Теперь тайным автором стал Блейман, а представительствовал я. Но лишь появилось сообщение, что «Казахфильм» совместно с «Ленфильмом» ставит сценарий о Валиханове, как в «Казахстанской правде» появилась разгромная статья, разоблачающая автора, то есть меня, как байского приспешника, исказившего противоречивый образ Валиханова, действовавшего вместе с царской военщиной против освободительного движения в Туркестане. Я тогда уже находился в Москве, хотя положение мое продолжало еще оставаться шатким и такое политическое обвинение могло иметь для меня роковые последствия, а к тому же статью полностью перепечатали в «Правде». Мухтар Ауэзов[97], прекрасно понимая это, немедленно прилетел в Москву, в тот же день добился приема у главного редактора «Правды» П. Н. Поспелова и отправился к нему вместе со мной.
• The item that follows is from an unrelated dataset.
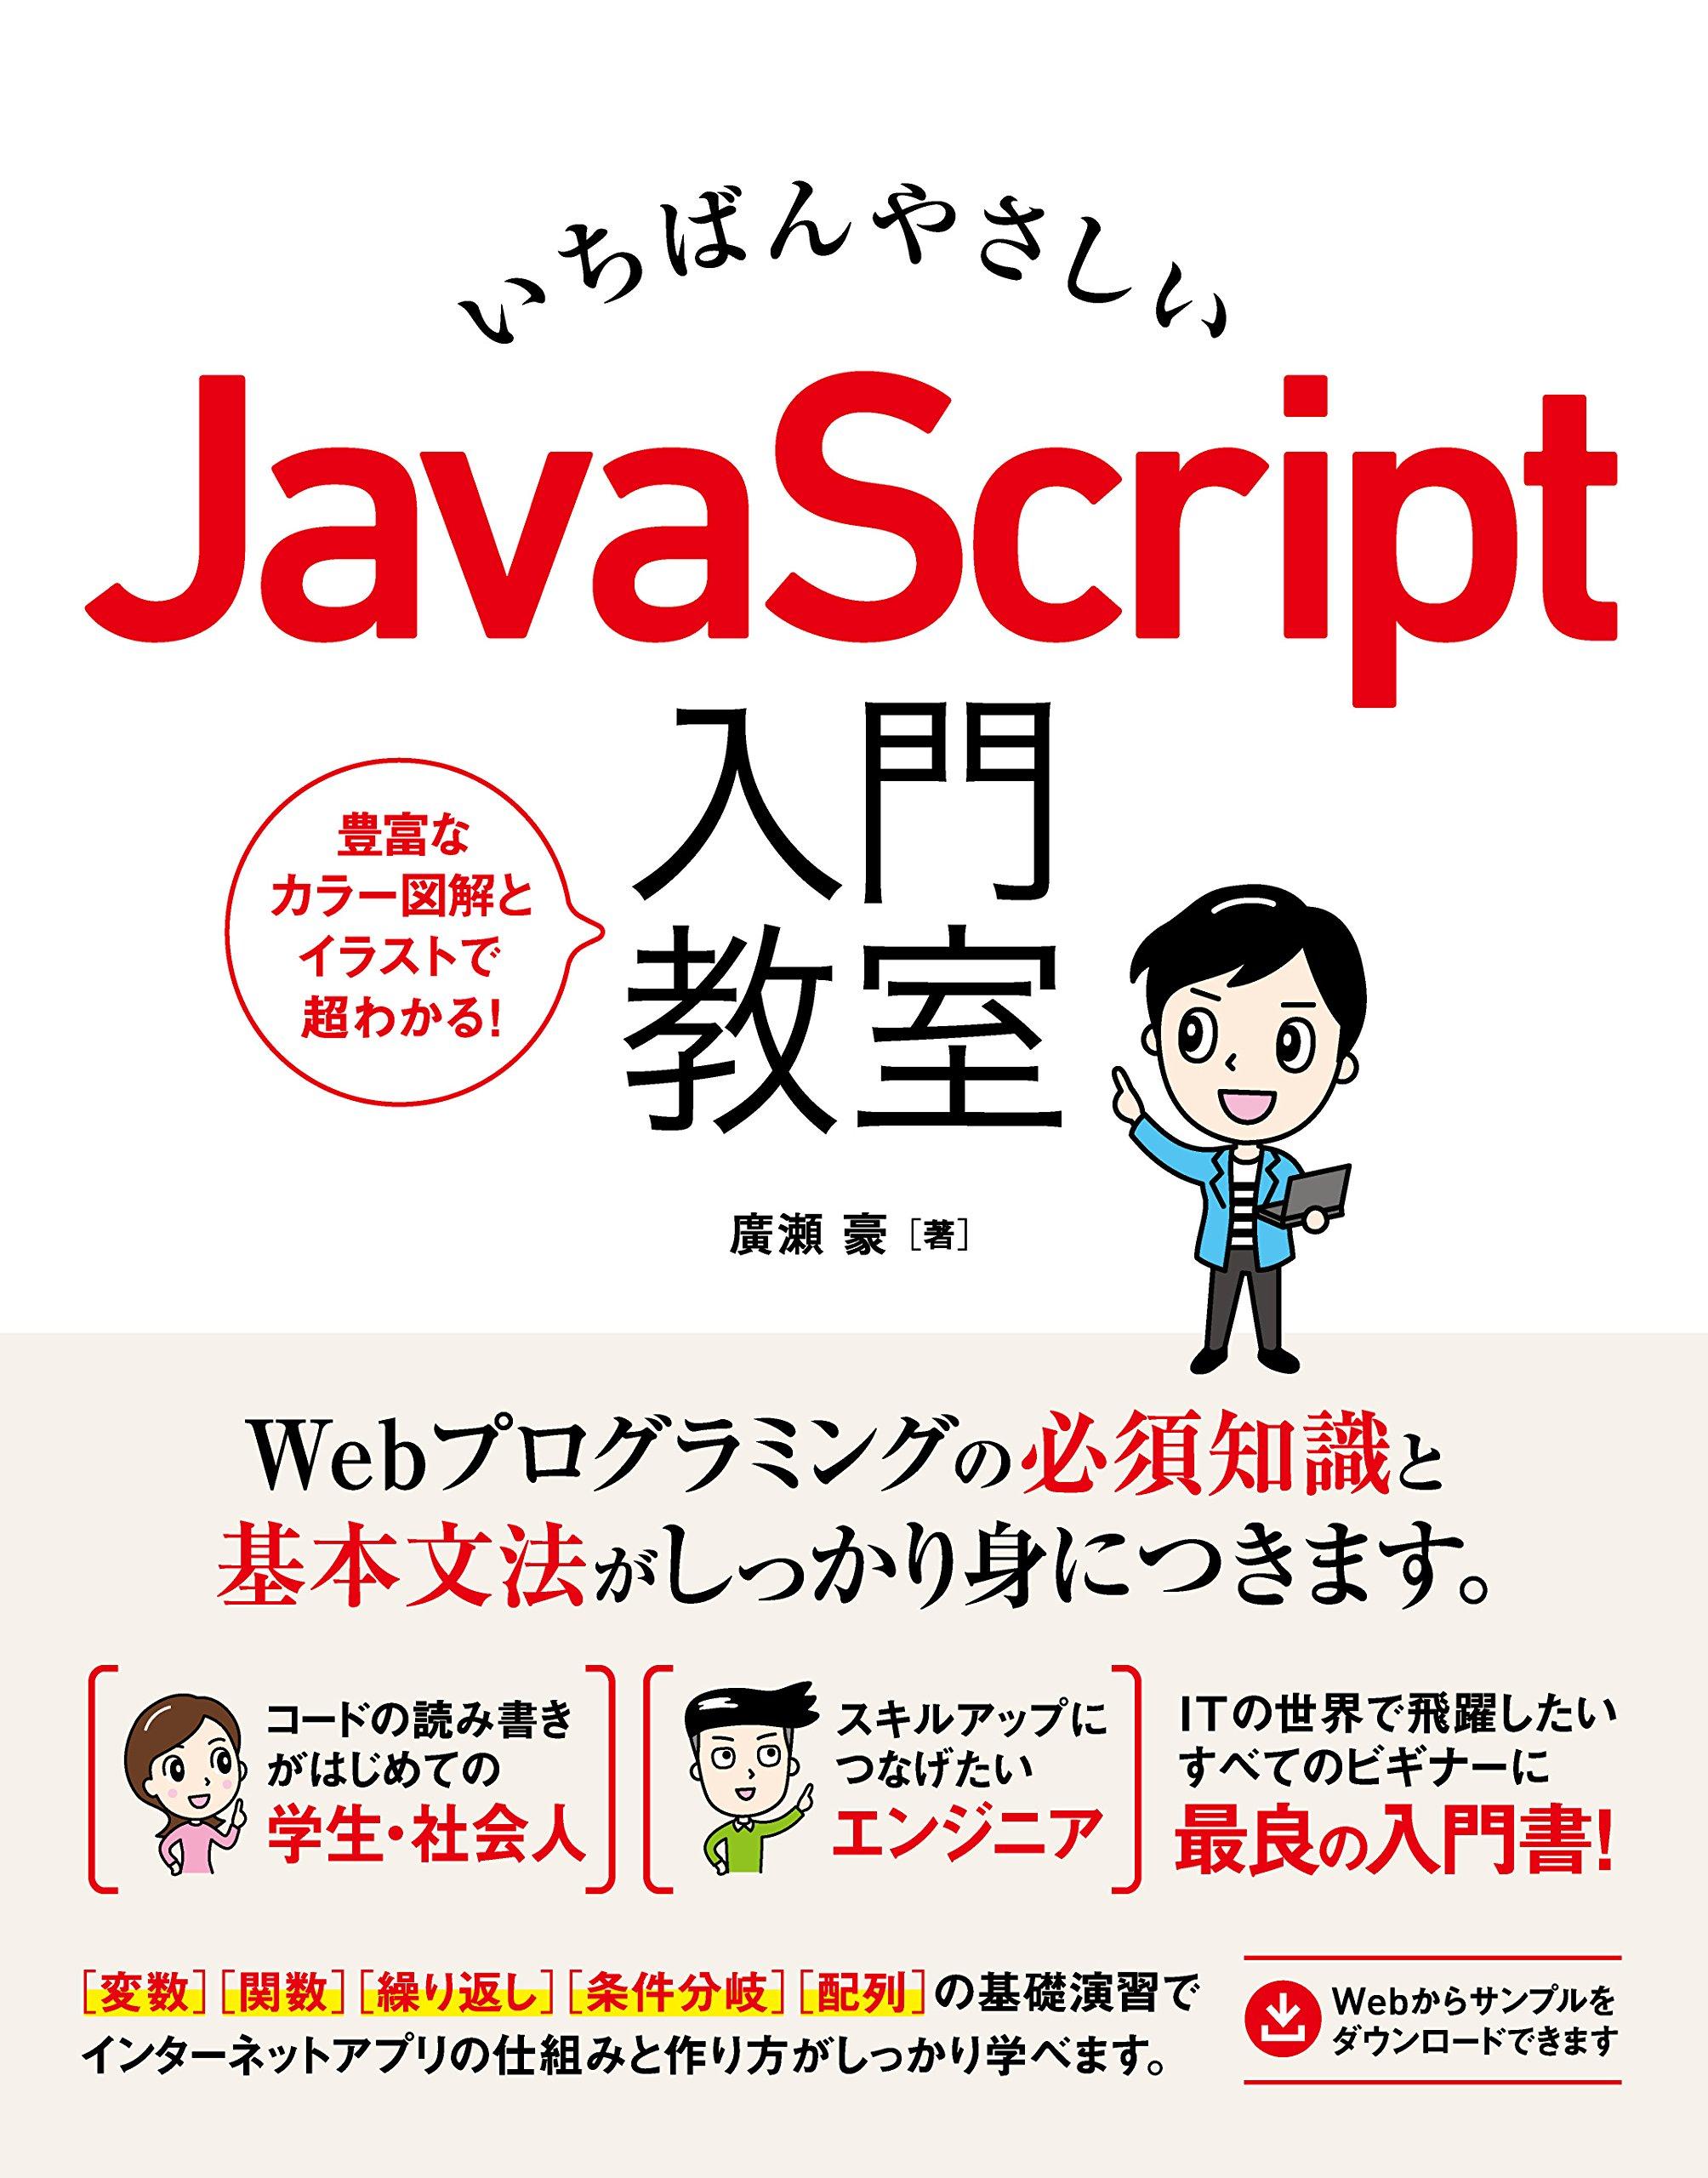 Image of https://images-na.ssl-images-amazon.com/images/I/81%2B0EnSJPtL.jpg

— Петр Николаевич, поймите, — говорил Ауэзов, — статья, перепечатанная в центральном органе партии, направлена не против Ермолинского, а против меня. Я защищал и защищаю этот сценарий. Вокруг Валиханова еще до сих пор ведутся споры. В Алма-Ате у меня много завистников, и они воспользовались случаем, чтобы припомнить мои прошлые политические ошибки…
— Ваше имя, как одного из крупнейших наших писателей, не нуждается в защите, — перебил его Поспелов. — А кроме того, я уже до вашего приезда удостоверился, что статья ошибочная, и наш алма-атинский корреспондент уже снят с работы.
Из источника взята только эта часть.